February 06, 2017

ATSDR…A New Role under the Clean Air Act?

Posted on February 6, 2017 by Todd E. Palmer

In recent months, the Agency for Toxic Substances and Disease Registry (ATSDR) and the “minimal risk levels” (MRLs) established by ATSDR have played a direct role in EPA’s efforts to regulate stationary sources under the Clean Air Act. The ATSDR is an advisory agency created by CERCLA in 1980 to help EPA assess health hazards associated with Superfund Sites. ATSDR’s role was expanded by the 1984 RCRA Amendments to assess risks from hazardous substance releases at landfills and surface impoundments. In 1986 SARA further expanded ATSDR’s responsibilities under CERCLA to assess the health impacts of hazardous substance releases. 

In response to its CERCLA mandate, ATSDR has developed MRLs which define the level of daily human exposure to a hazardous substance release that is likely to result in no appreciable risk of an adverse non-cancer health effect.  MRLs are designed to be a screening tool and are not intended to identify levels that would trigger cleanup or other action.  As a result, exposure to a hazardous substance above an MRL does not necessarily mean that adverse health effects will occur. Rather, MRLs “are set below levels that, based on current information, might cause adverse health effects in the people most sensitive to such substance-induced effect.” 

In comparison to the MRLs developed under CERCLA, there are two sets of standards established by EPA under the federal Clean Air Act to address health impacts from air emissions.  One of these is the National Ambient Air Quality Standards (“NAAQS”) which define the concentration of a criteria pollutant in ambient air deemed to be protective of human health.  State implementation plans are designed to achieve compliance with NAAQS.  Likewise, the air emissions from permitted stationary sources are analyzed to ensure consistency with NAAQS.  NAAQS are developed through a rigorous process that solicits input from the scientific community and public at large, and are promulgated as rules which are invariably subject to legal challenge and judicial review.  

EPA also establishes emission limitations under Section 112 of the Clean Air Act to control toxic air emissions.  These standards limit the emissions of hazardous air pollutants from specified categories of stationary sources.  EPA assesses the risk to public health and the environment that remains after implementation of these limitations and must promulgate new health based standards to mitigate those residual risks.

In recent months EPA has moved beyond the NAAQS and toxic air pollutant standards to rely upon the ATSDR and its MRLs in identifying the allowable, and ostensibly enforceable, concentration of pollutants in ambient air under the Clean Air Act. 

In one case, EPA asked ATSDR to evaluate the ambient air quality surrounding a stationary source.  ATSDR concluded that the monitored concentrations of manganese from that source exceeded the pollutant’s MRL.  Based on this finding, US DOJ filed a civil complaint against the facility.  One of the claims alleged that the monitored manganese concentrations presented an imminent and substantial endangerment to public health and that injunctive action was necessary under Section 303 of the Clean Air Act. The complaint requested a judicial order requiring installation of fence-line air monitors and implementation by the source of all measures necessary to prevent exceedance of the MRL for manganese at those monitors. In effect, EPA identified the MRL as the allowable concentration of manganese to be emitted under the Clean Air Act.  The case has settled.

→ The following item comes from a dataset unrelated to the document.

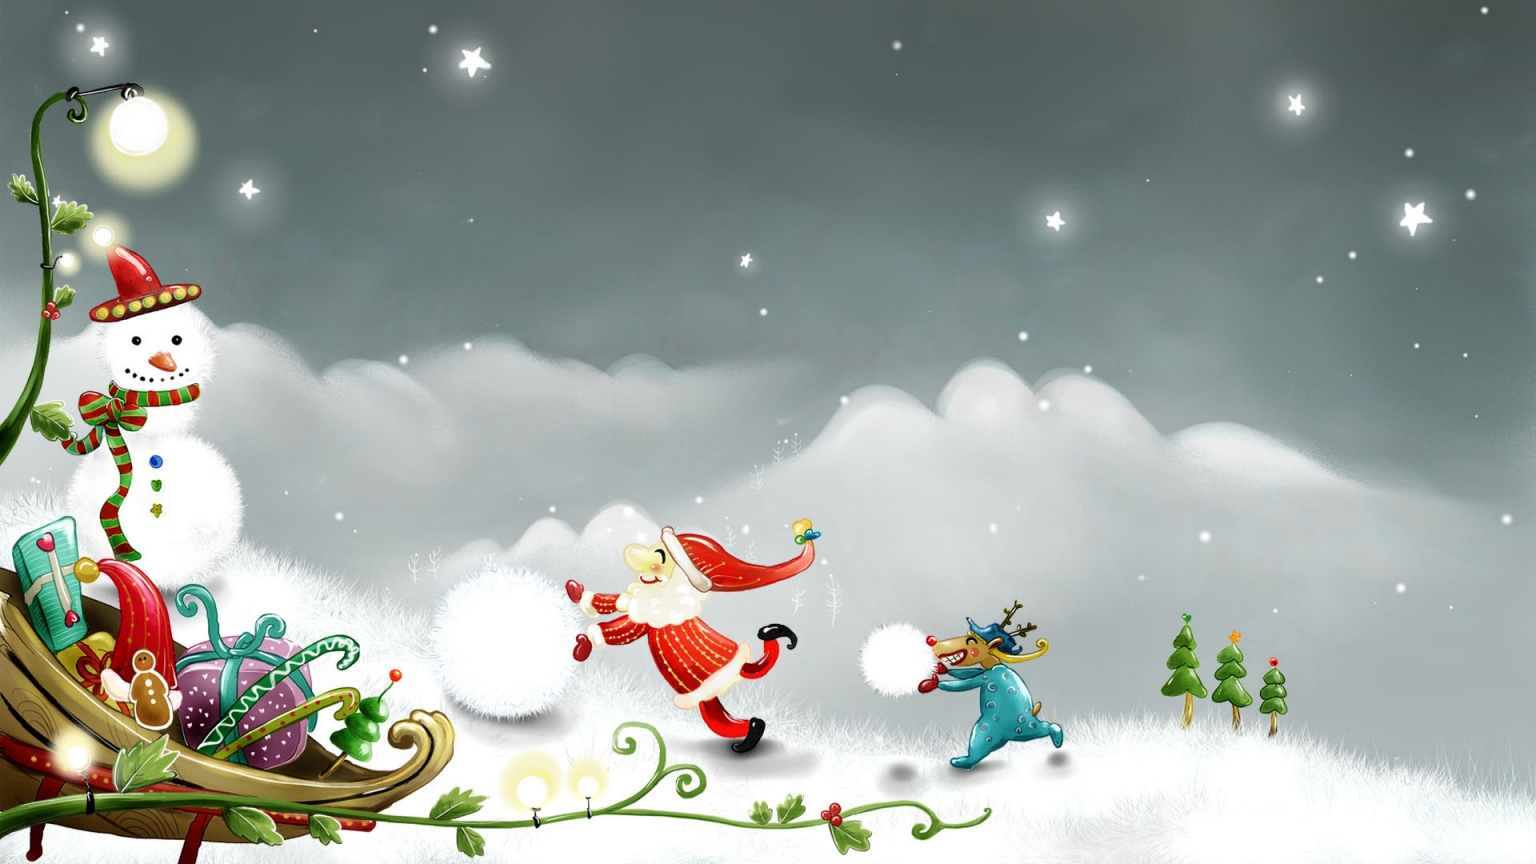 Snowman and Santa Claus for 1536 x 864 HDTV resolution

In other matters, EPA Region 5 utilized the information from an ATSDR health consultation to justify issuance of a Section 114 order under the Clean Air Act which required installation of fence-line PM10 monitors around a facility with outdoor storage piles where manganese emissions were also an issue.  The company refused to install the monitors and EPA filed a civil complaint seeking to enforce the Section 114 order. EPA sought summary judgment, relying in part upon an ATSDR finding that manganese concentrations in the ambient air surrounding a nearby facility exceeded the MRL.  The underlying ATSDR assessment also used PM10 Air Quality Guidelines (AQG) from the World Health Organization (WHO) to conclude that ambient PM10 concentrations might cause respiratory problems for sensitive individuals.  Notably, the WHO AQG are more conservative than the NAAQS (the WHO AQG for PM10 is 50 μg/m3 as a 24-hour mean, whereas the NAAQS for PM10 is 150 μg/m3 averaged over that same time period).  The case settled.

It’s worth noting that ATSDR has finalized approximately 150 inhalation based MRLscovering pollutants emitted by a broad range of industrial facilities.  However, I think it is safe to assume that stationary sources do not view MRLs as imposing any additional Clean Air Act strictures on their operations since the MRLs are not listed as applicable requirements in air permits.  Moreover, the Title I and V permitting programs do not require sources to perform dispersion modeling to ensure compliance with MRLs. 

It remains to be seen whether EPA under the new administration will continue to reach out to ATSDR and utilize the MRLs in addressing air pollutant emissions, particularly where such limits have never been vetted through a rulemaking process.   I wouldn’t bet on it.